Plus l’allée est longue, plus l’acheteur ralentit sa cadence
Après avoir observé des milliers d’acheteurs en laboratoire et en environnement réel, Nico Heuvinck et ses collègues ont pu cartographier leur vitesse de déplacement. Ils ont modifié la distance entre des lignes de ruban adhésif apposées sur le sol d’une allée et sondé les participants à propos de leur reconnaissance des objets mis en rayon. Les chercheurs ont constaté que plus les lignes étaient proches, plus le consommateur avait le sentiment que le bout de l’allée était éloigné et ralentissait le pas. C’est aussi dans ce cas de figure que leur capacité de reconnaissance était la meilleure. « Les résultats sont très clairs ; nous avons pu constater une influence très nette sur la vitesse de déplacement et ce à maintes reprises », ajoute Nico Heuvinck.
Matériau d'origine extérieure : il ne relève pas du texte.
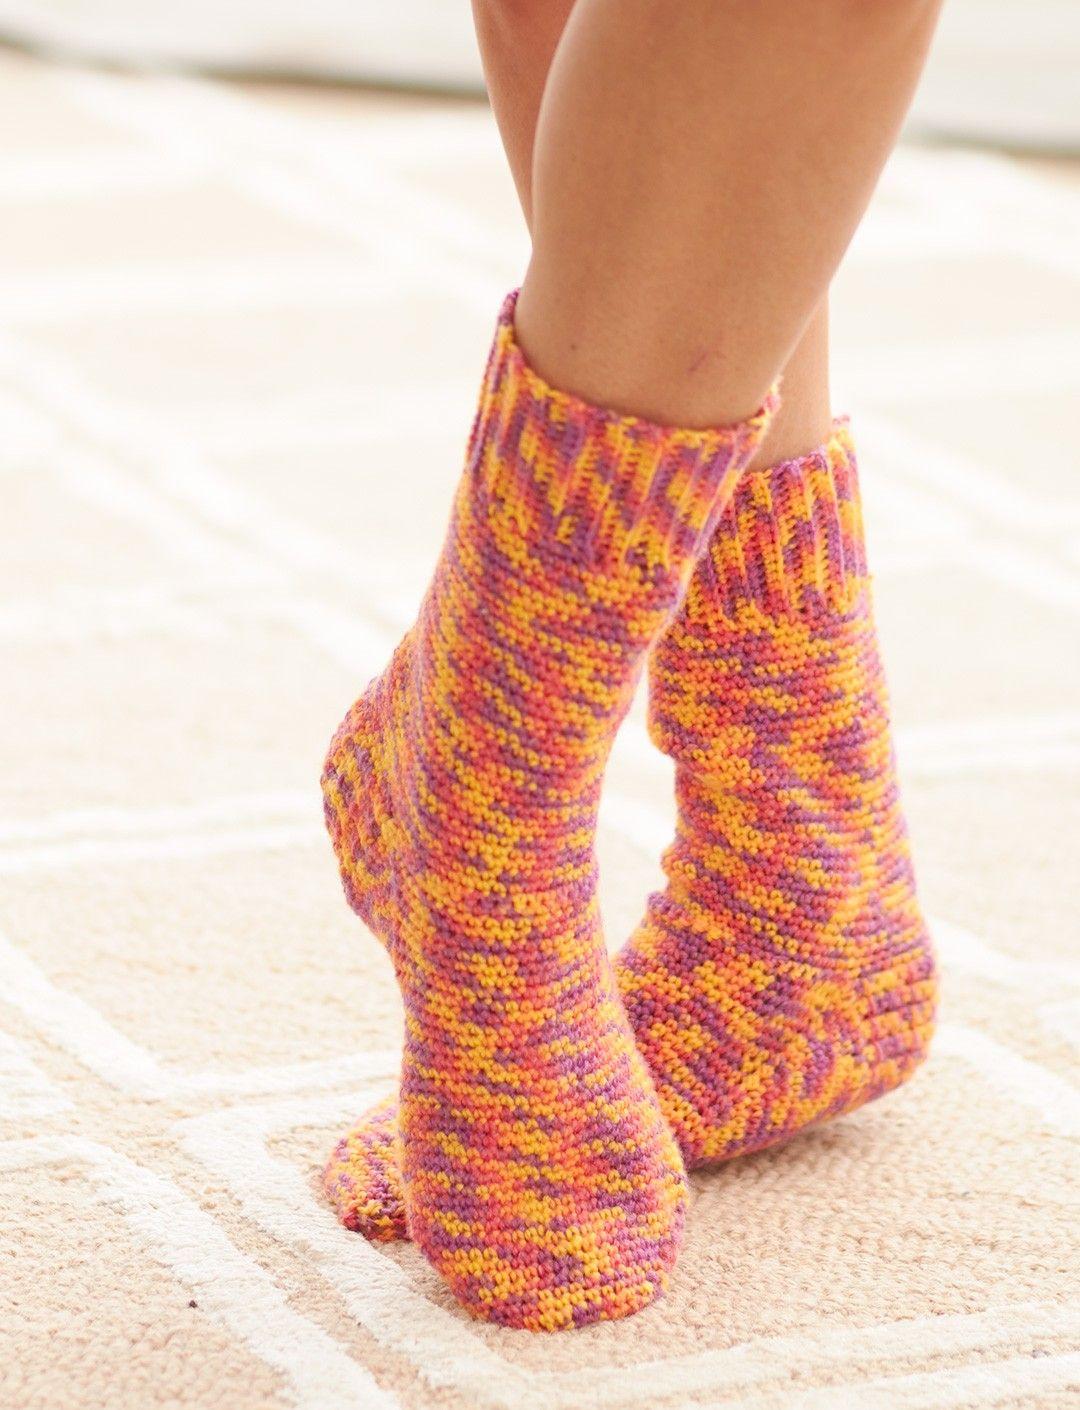 Basic Socks - free pattern - crochet | Crochet Stitches | Pinterest ...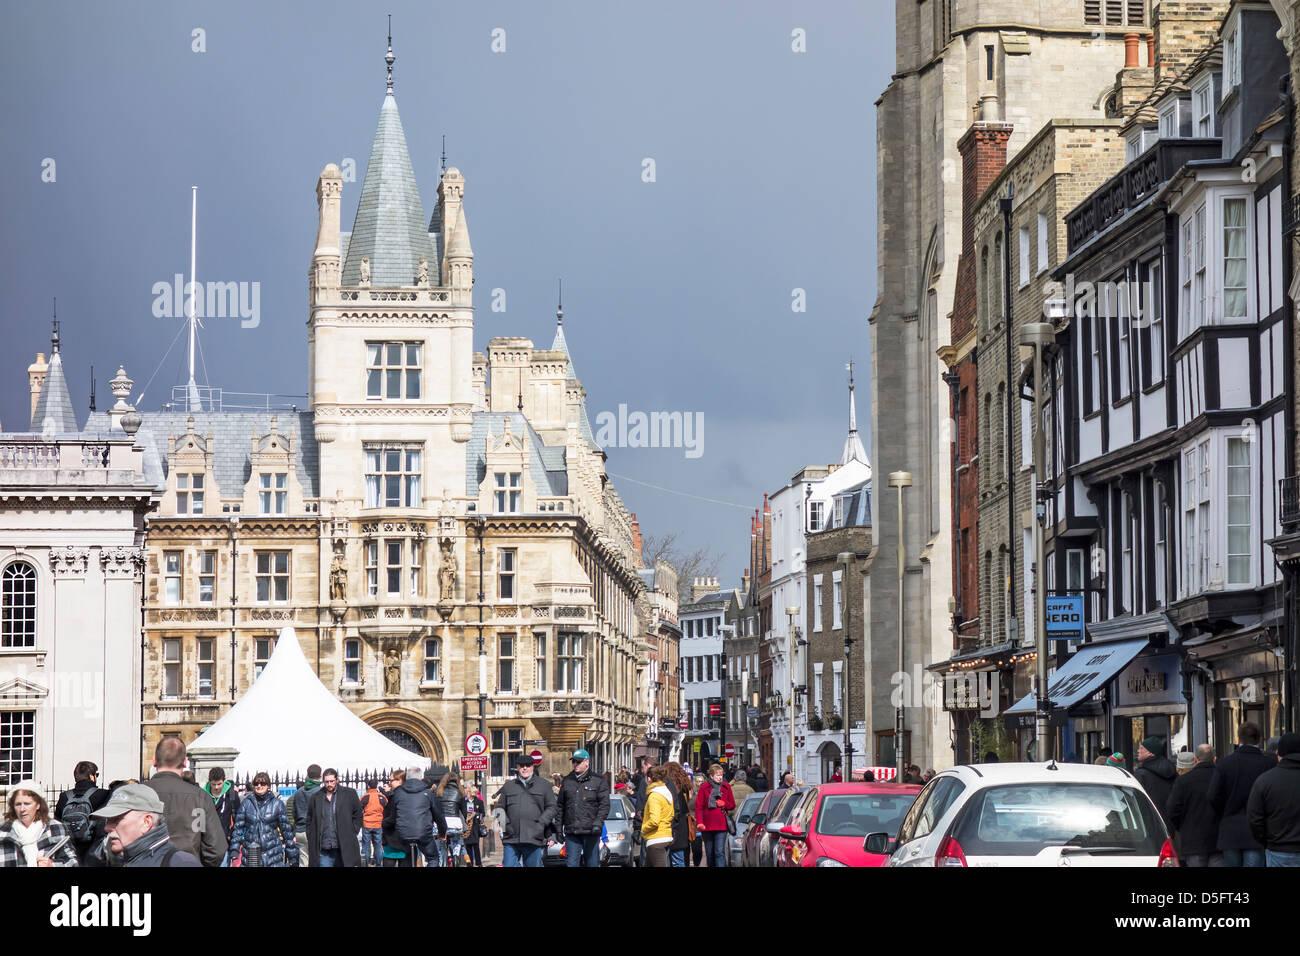 Kings Parade Cambridge England - Stock Image

Or, le fait d’influer sur la vitesse de déplacement dans un environnement de vente au détail peut impacter les ventes. « Les acteurs de la vente au détail et de la grande distribution ont pour objectif premier de développer leurs ventes. Il faut continuer à étudier comment corréler la vitesse de déplacement des clients dictée par les motifs présentés au sol et les ventes », conclut Nico Heuvinck. Mais il concède aussi que les consommateurs sont influencés par de nombreux facteurs extérieurs dans leur démarche d’achat. C’est pourquoi démontrer ladite corrélation peut s’avérer difficile.
Applications pratiques
« Nos conclusions peuvent aider à moduler les vitesses de déplacement des clients dans différentes zones d’un espace de vente, conclut Nico Heuvinck. Il est possible d’utiliser des lames de parquet ou carreaux de carrelage de différentes tailles ou bien d’insérer des planchers intermédiaires pour délimiter différents espaces au sol. Nous nous sommes focalisés ici sur le sol, mais nous pensons que le même effet se vérifierait avec un partitionnement des murs ou du plafond, en modifiant la longueur des rayonnages ou encore la distance entre les éclairages. Le partitionnement peut influencer les habitudes d’achat et doper les ventes ». Le chercheur note par ailleurs que ses travaux ne s’appliquent pas de manière exclusive à l’univers de la vente au détail : « Nous pouvons imaginer d’autres applications dans tous les endroits dans lesquels nous avons besoin de maîtriser les flux de passage, c’est-à-dire tous les espaces publics très fréquentés comme les musées, les gares et les aéroports ».
*Altering speed of locomotion, the Journal of Consumer Research (October 2016). Bram van den Bergh (Rotterdam School of Management, Erasmus University), Nico Heuvinck (IÉSEG), Gaby A. C. Schellekens, and Iris Vermeir (Ghent University).